Кузмин с теплотой описал «Собаку», под именем «Совы», в романе «Плавающие-путешествующие». «Импровизация вообще вещь опасная и потому устроители кабачка хотя и не переставали говорить о свободном творчестве, были отчасти рады, что известная последовательность установилась сама собою. А последовательность была такова. Сперва приезжали посторонние личности и кое-кто из своих, кто были свободны. Тут косились, говорили вполголоса, бесцельно бродили, скучали, зевали, ждали. Потом имела место, так сказать, официальная часть вечера, иногда состоявшая из одного-двух номеров, а иногда ни из чего не состоявшая. Тут не только импровизация, но даже простейшая непредвиденность была устранена, и все настоящие приверженцы „Совы’ смотрели на этот второй период, как на подготовление к третьему, самому интересному для них. Когда от выпитого вина, тесноты душного воздуха, предвзятого намерения и подлинного впечатления, что тут, в „Сове“, стесняться нечего, — у всех глаза открывались, души, языки и руки освобождались, — тогда и начиналось самое настоящее… Это была повальная лирика, то печальная, то радостная, то злобная, но всегда полупьяная, если не от вина, то от самих себя“. Или, говоря стихами того же автора, „здесь цепи многие развязаны, все сохранит подземный зал, и те слова, что ночью сказаны, другой бы утром не сказал“».

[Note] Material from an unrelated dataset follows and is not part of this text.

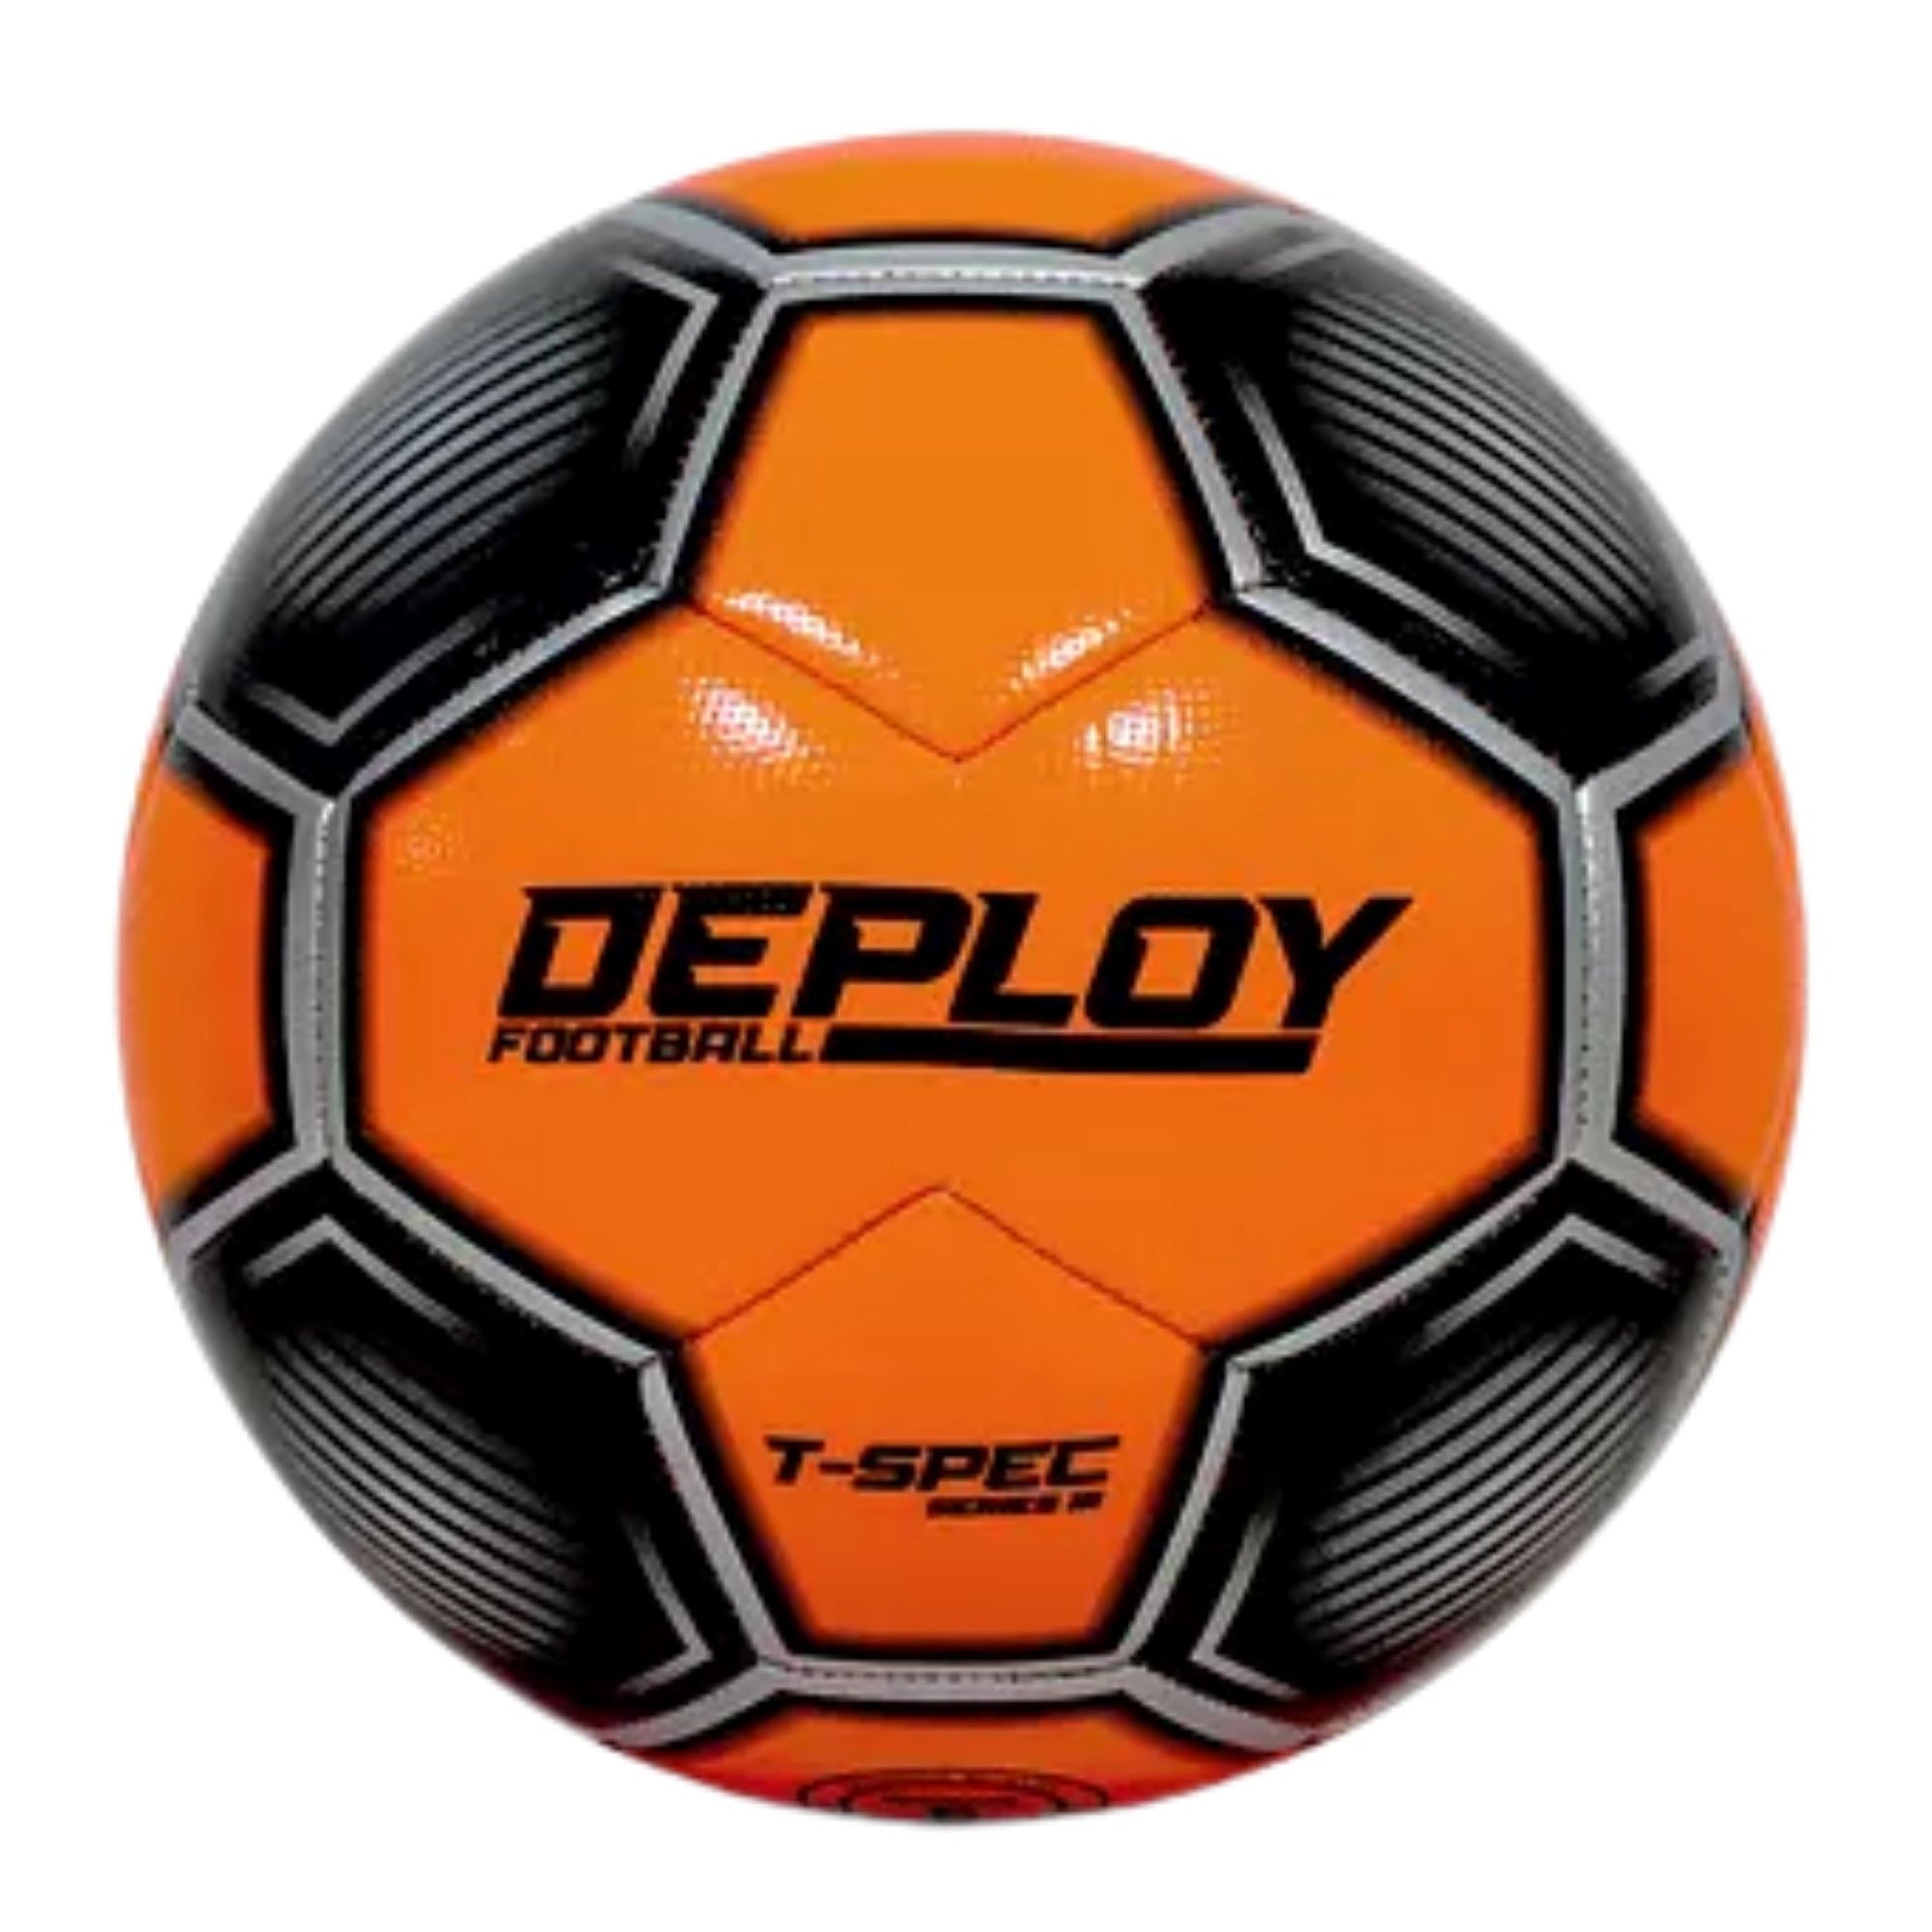 T-SPEC SERIES III - Orange - JUNIOR TRAINING FOOTBALL Soccer Balls ITA SPORT 
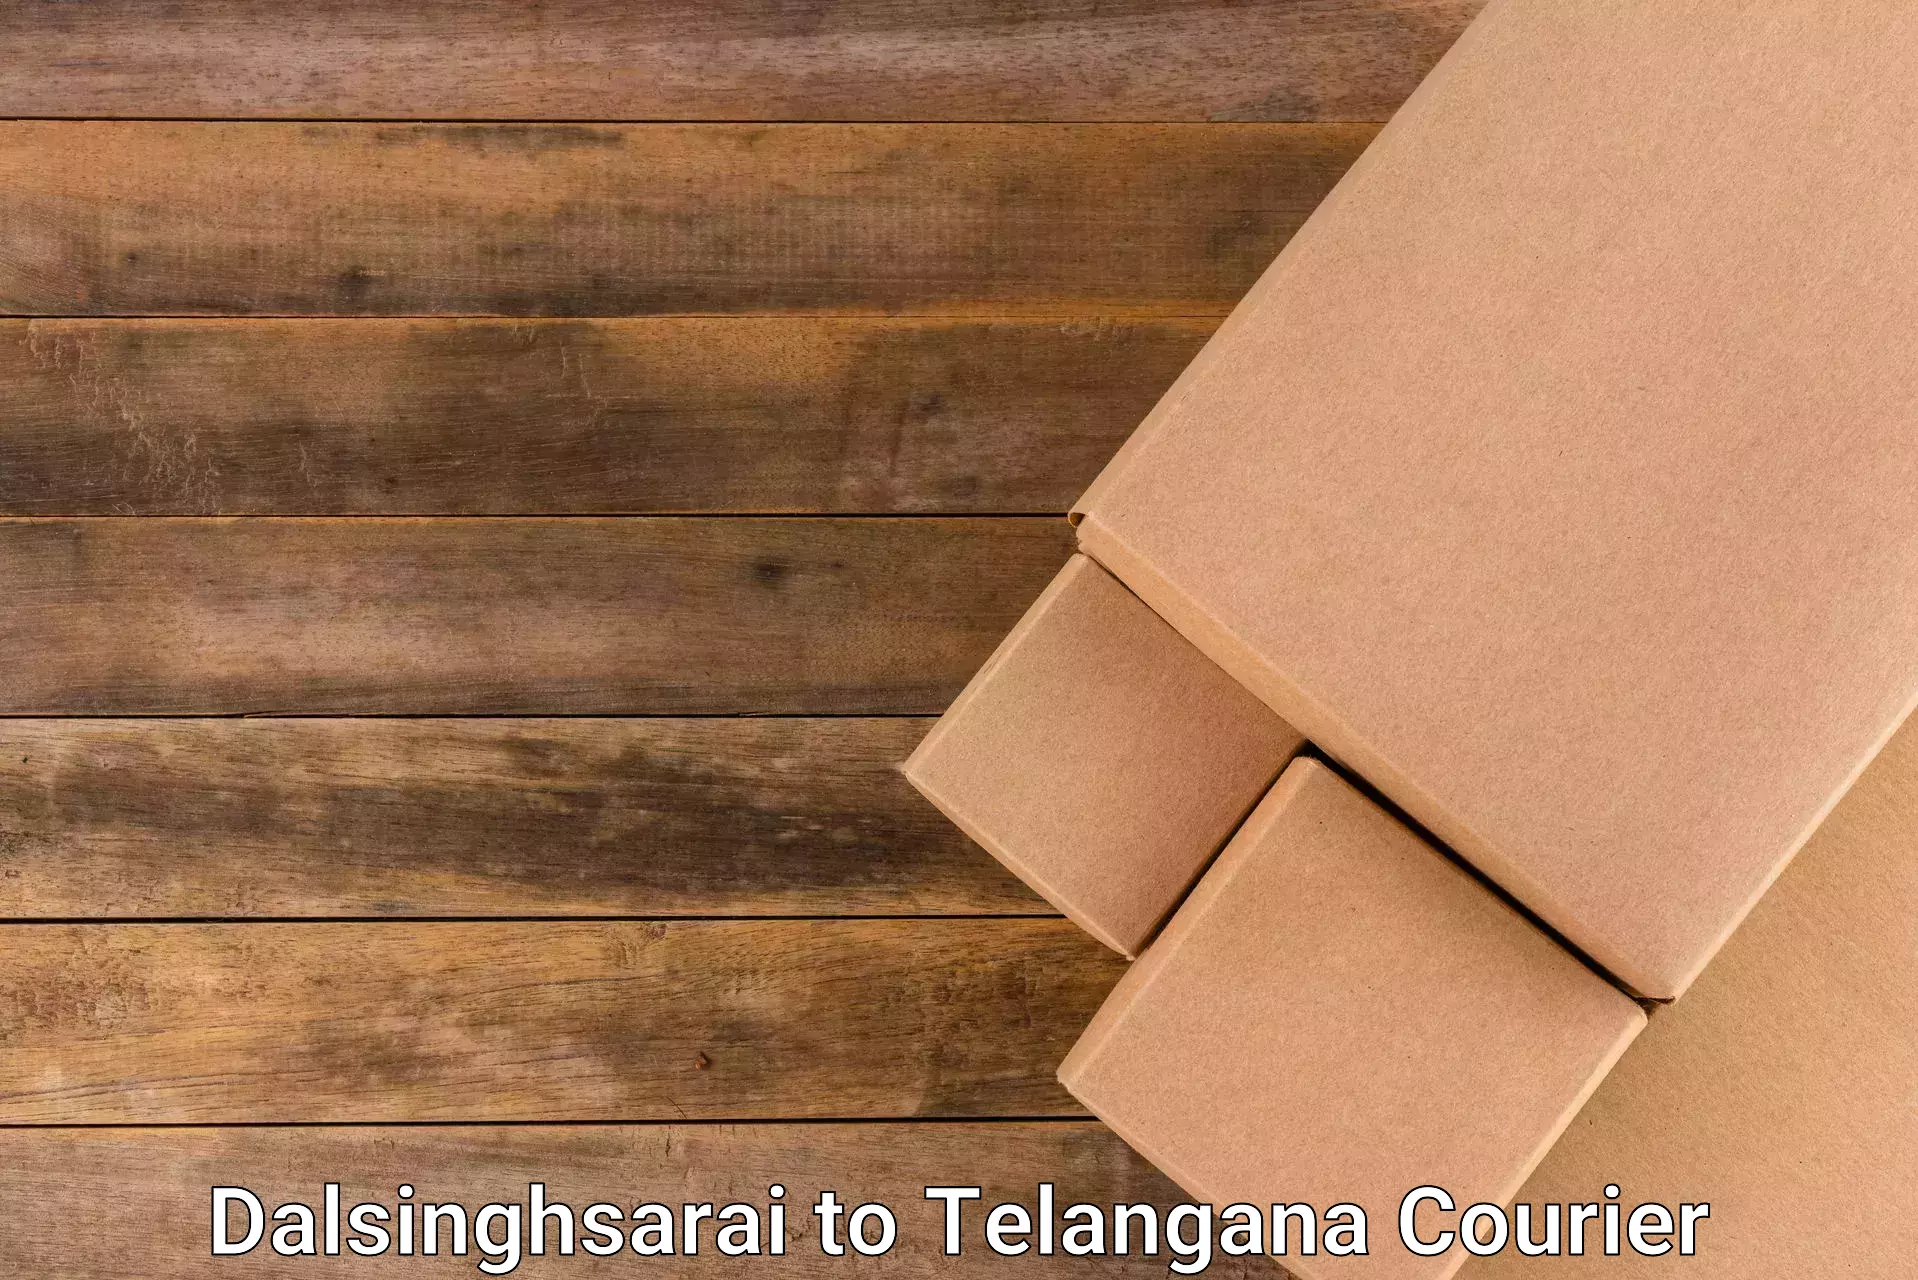 Efficient parcel service in Dalsinghsarai to Narsapur Medak

Руки — да, освобождались. Как это писал Бенедикт Константинович: «украдкой целовали Жоржики Адамовичи потные руки Жоржиков Ивановых и сжимали друг другу под столом блудливые колени»… Прокомментируем, чтоб к этому не возвращаться. Георгий Владимирович Иванов, приятелями своими эгофутуристами называемый «баронесса», происходил из военной дворянской семьи, учился во 2-м кадетском корпусе (имени А. Ф. Шенина). С шестнадцати лет по протекции Кузмина и Городецкого стал печататься. Первый его сборник «Отплытие на остров Цитеру» вышел одновременно с открытием «Собаки»: под новый 1912 год. Не мог он, естественно, не быть под сильным влиянием Кузмина, но потом заговорил собственным голосом, одним из красивейших в этой невероятной какофонии — русской поэзии XX века.